For interest point detection, I attempted an implementation of the Harris corner detector. The image is first convolved using the x- and y-derivatives of a gaussian filter to produce the intensity arrays for those directions. For each pixel, we then find the second moment matrix based on a window function where the window is as large as our desired feature size. Each matrix produces a "cornerness" value for that pixel, and after finding all of these values, the value matrix is scanned with a sliding window to search for local maxima. Non-maxima information is filtered out, as well as those maxima below a given threshold, and what remains is the set of interest points for our features.

% Threshold value
thresh = 2.5;
sigma = 11/6;
alpha = 0.05;

% Create derivative filters
dx = flip(fspecial('prewitt'))'; dy = dx';
g = fspecial('gaussian', 6*sigma, sigma);
gx = imfilter(g, dx);
gy = imfilter(g, dy);
g2 = fspecial('gaussian', 12*sigma, 2*sigma);

% Find image intensity in x and y directions, and multiplication of both
Ix = imfilter(image, gx);
Iy = imfilter(image, gy);
Ix2 = imfilter(Ix.^2, g2);
Iy2 = imfilter(Iy.^2, g2);
Ixy = imfilter(Ix.*Iy, g2);

R = zeros(size(image));
% For each pixel in the image that does not lie within feature_width of border,
for r=feature_width/2 + 1:size(image,1)-feature_width/2
    for c=feature_width/2 + 1:size(image,2)-feature_width/2
        % Get the window of intensities centered on the current pixel
        rs = r-feature_width/2:r+feature_width/2-1;
        cs = c-feature_width/2:c+feature_width/2-1;
        Ixs = Ix2(rs, cs);
        Iys = Iy2(rs, cs);
        Ixys = Ixy(rs, cs);
        % Find the second moment matrix and the cornerness scores
        M = [sum(Ixs(:)), sum(Ixys(:)); sum(Ixys(:)), sum(Iys(:))];
        R(r,c) = det(M) - alpha*trace(M)^2;
    end
end

% Find local maxima in the image
mx = colfilt(R, [feature_width feature_width], 'sliding', @max);
S = (R==mx)&(R>thresh);

% Find and return the coordinates of the found interest points
[y, x] = find(S);

Feature Descriptors

The next step of the algorithm is to create the feature descriptors that represent the features located at each of the interest points found. For this step, a SIFT-feature descriptor algorithm was used. For each interest point, we take the feature_width-sized frame centered on the point and find the gradient magnitudes and orientations for that window. A Gaussian falloff is applied to the magnitudes such that those pixels closer to the interest point carry more weight in the descriptor. The feature is then split into 16 cells, each a fourth of the feature width per dimension. For each of these cells, the gradient directions are sorted into 8 bins based on orientation, with weight equivalent to their weighted magnitudes. These 16 sets of 8 bins become the 128-value descriptor for the feature. In order to improve the descriptor, the values are additionally normalized, clamped to a maximum threshold of 0.2, and normalized again. Each value is also taken to a power of 0.6.

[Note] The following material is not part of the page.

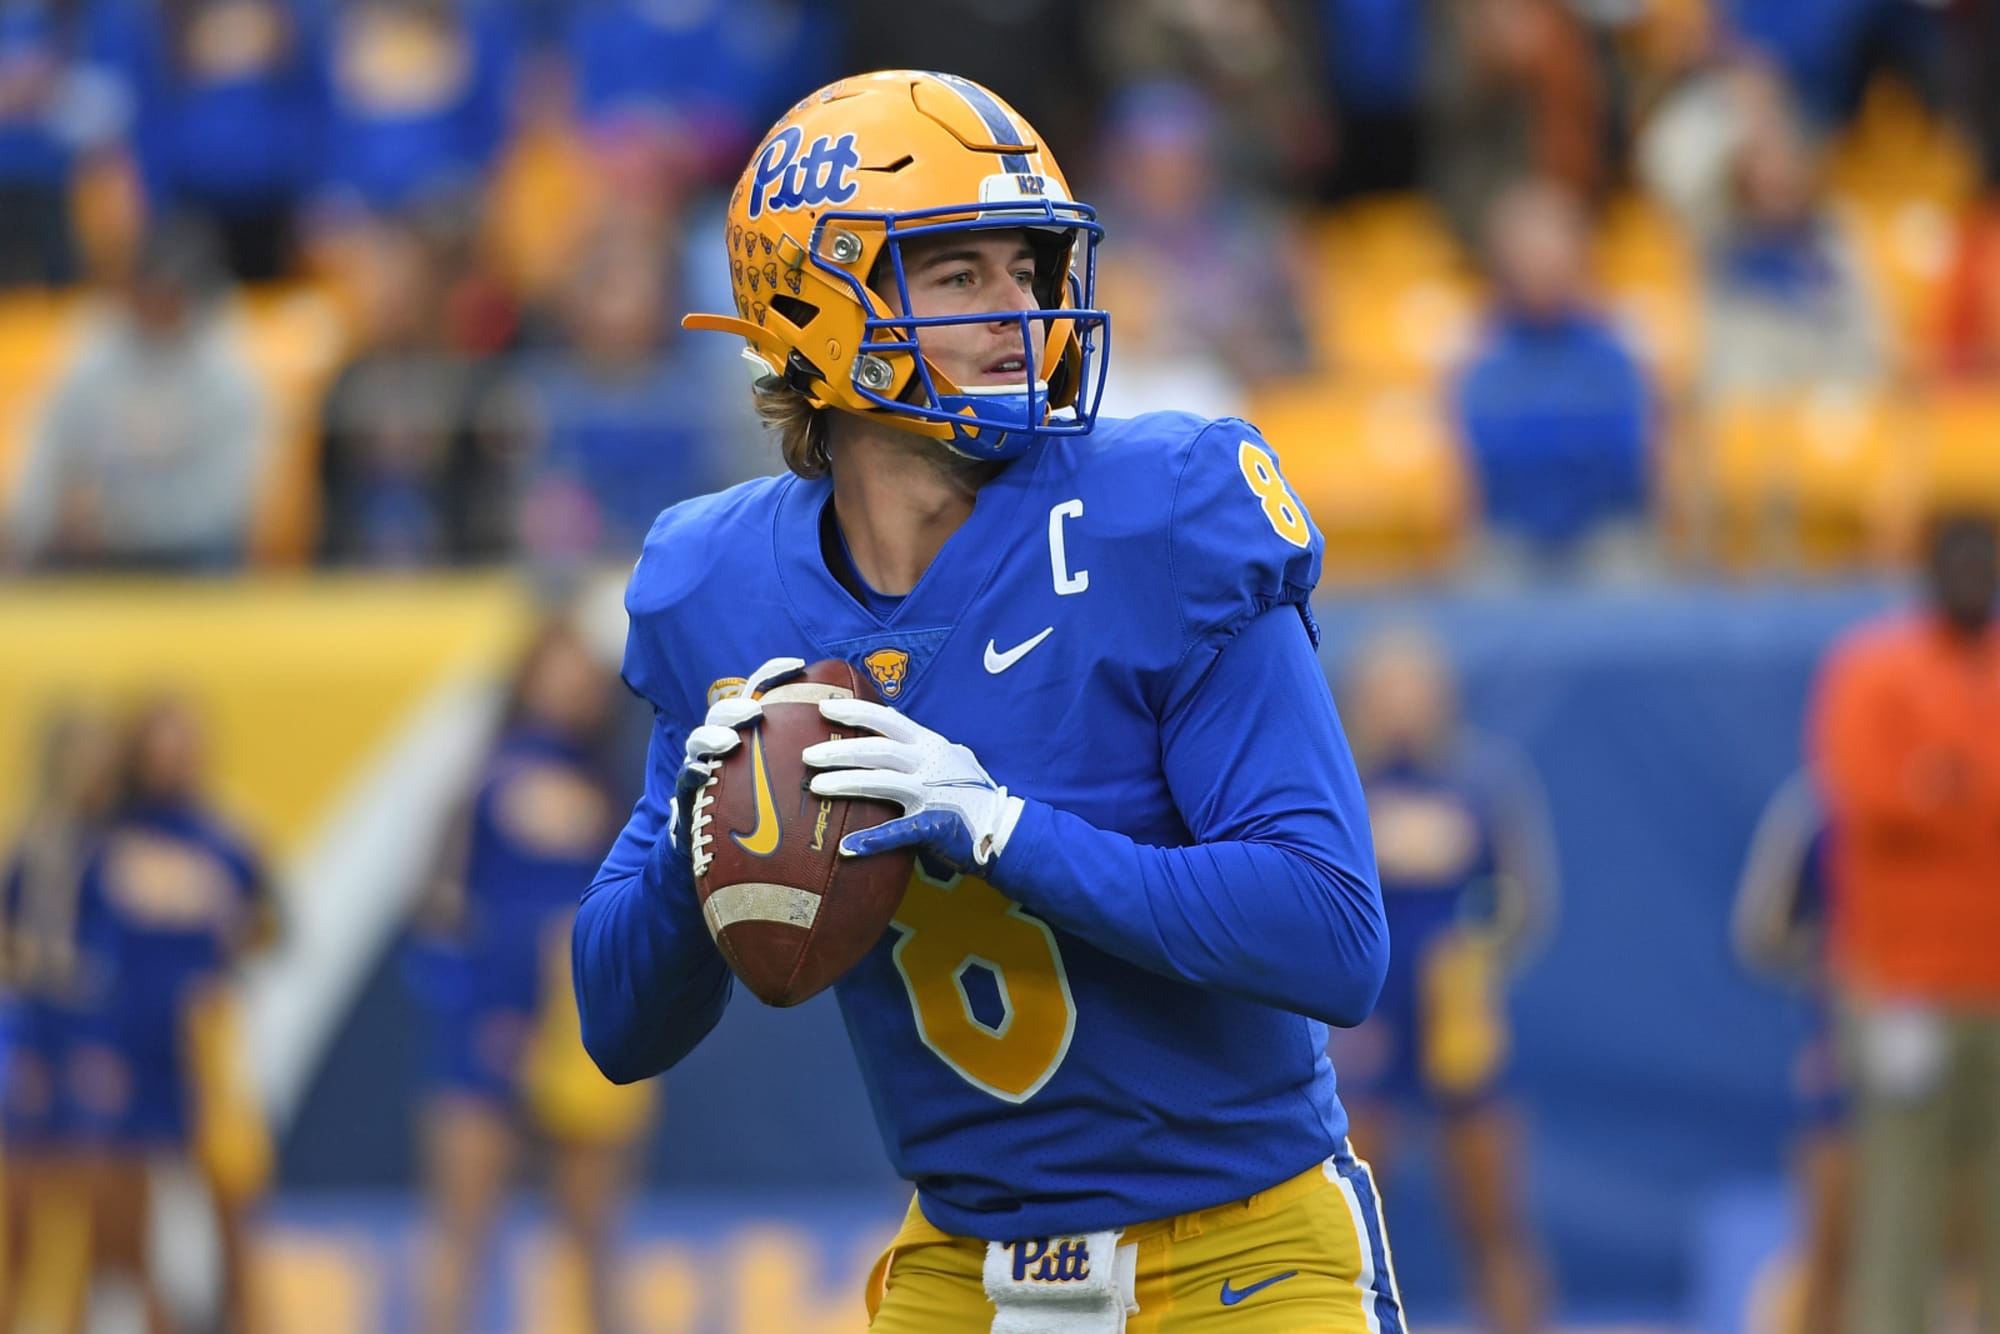 3 reasons why the Steelers should draft QB Kenny Pickett

% Initialize features array
num_bins = 8;
features = zeros(size(x,1), 16*num_bins);

% For each set of interest points,
for i=1:length(x)
    xi = round(x(i)); yi = round(y(i));
    % Find the feature_width square around the x-y pair
    A = image(yi-feature_width/2:yi+feature_width/2-1, xi-feature_width/2:xi+feature_width/2-1);
    % Apply Gaussian falloff to the square
    [Gmag, Gdir] = imgradient(A);
    B = imfilter(Gmag,fspecial('gaussian', feature_width, feature_width/2));
    % Analyze the grid in 16 feature_width/4-sized squares for histogram generation
    for j = 1:16
        r = mod(j-1, 4)*feature_width/4 + 1;
        c = floor((j-1)/4)*feature_width/4 + 1;
        rs = r:r+feature_width/4-1;
        cs = c:c+feature_width/4-1;
        Y = discretize(Gdir(rs, cs), -180:360/num_bins:180);
        C = B(rs, cs);
        for n=1:num_bins
            features(i, (j-1)*num_bins+n) = sum(sum(C(Y==n)));
        end
    end
    % Normalize, threshold, and normalize again
    features(i,:) = features(i,:)./sum(features(i,:));
    features(i, features(i,:)>0.2) = 0.2;
    features(i,:) = features(i,:)./sum(features(i,:));
    features(i,:) = features(i,:).^0.6;
end

Feature Matching

The final step is to match the feature descriptors against one another. This is implemented simply enough using a nearest-neighbor distance ratio test. For each feature from the first image, we check its Euclidean distance to every feature from the second feature to find its closest and second closest neighbor. The closest neighbor is considered its match, and its confidence score is based on the inverse of the ratio of the closest neighbor distance to the second-closest's distance. The top 100 matches are returned in the main body of the code.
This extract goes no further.